Energy
AI Supercharges Hunt for Next-Gen Sustainable Cooling Materials

In the world of materials, thermal nanophotonics is critical for enabling fundamental breakthroughs across technological applications.
Thermal nanophotonics combines nanophotonics and thermal science to manipulate and control heat transfer at the nanoscale. It utilizes nanostructures and materials to tailor thermal radiation and heat flow, resulting in advancements in various applications, including energy harvesting, thermal management, and sensing.
Nanophotonics deals with the behavior of light on the nanometer scale. Nanophotonic materials, meanwhile, offer spectral and directional control over thermal emission.
The traditional method of finding such materials is hindered by trial-and-error approaches, but the advent of machine learning (ML) and artificial intelligence (AI) has revolutionized the field of materials science by significantly accelerating the processes of material discovery, design, and optimization.

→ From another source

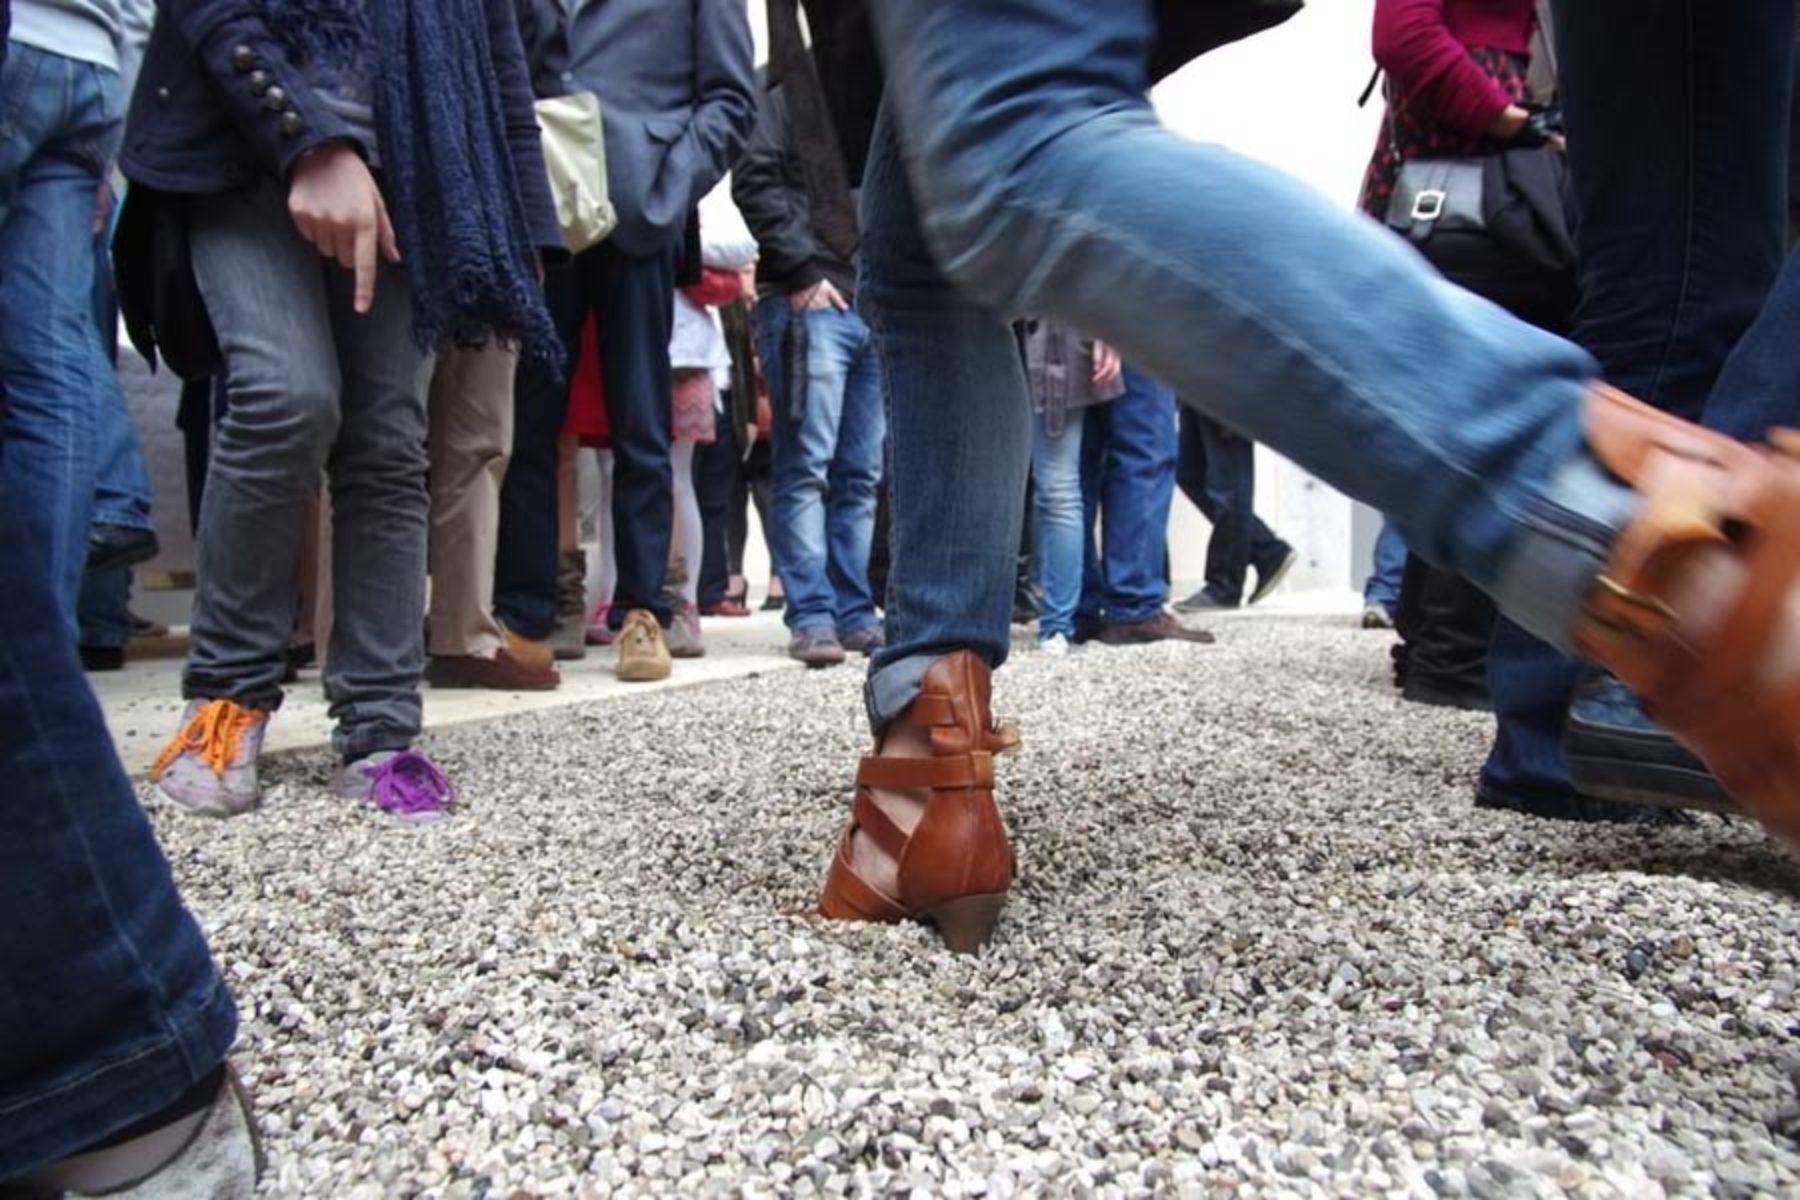 Ivan Moudov, Stones, 2013, stones, foam rubber, site specific installation, 19

While the technology has shown its powerful abilities in the design of nanophotonic and metamaterials, it’s a challenge to develop a general design methodology to customize high-performance nanophotonic emitters with ultrabroadband control and precise band selectivity.
This is due to being restricted by traditional algorithms, local optimization traps, and predefined geometries and materials.
However, this is now being addressed by scientists from the University of Texas at Austin, who collaborated with researchers from Umeå University in Sweden, the National University of Singapore, and Shanghai Jiao Tong University.
Together, they have designed an ML technique1 to design complex, 3D thermal meta-emitters.
Meta-emitters are engineered materials designed to control and manipulate electromagnetic radiation, offering applications in energy efficiency and thermal management.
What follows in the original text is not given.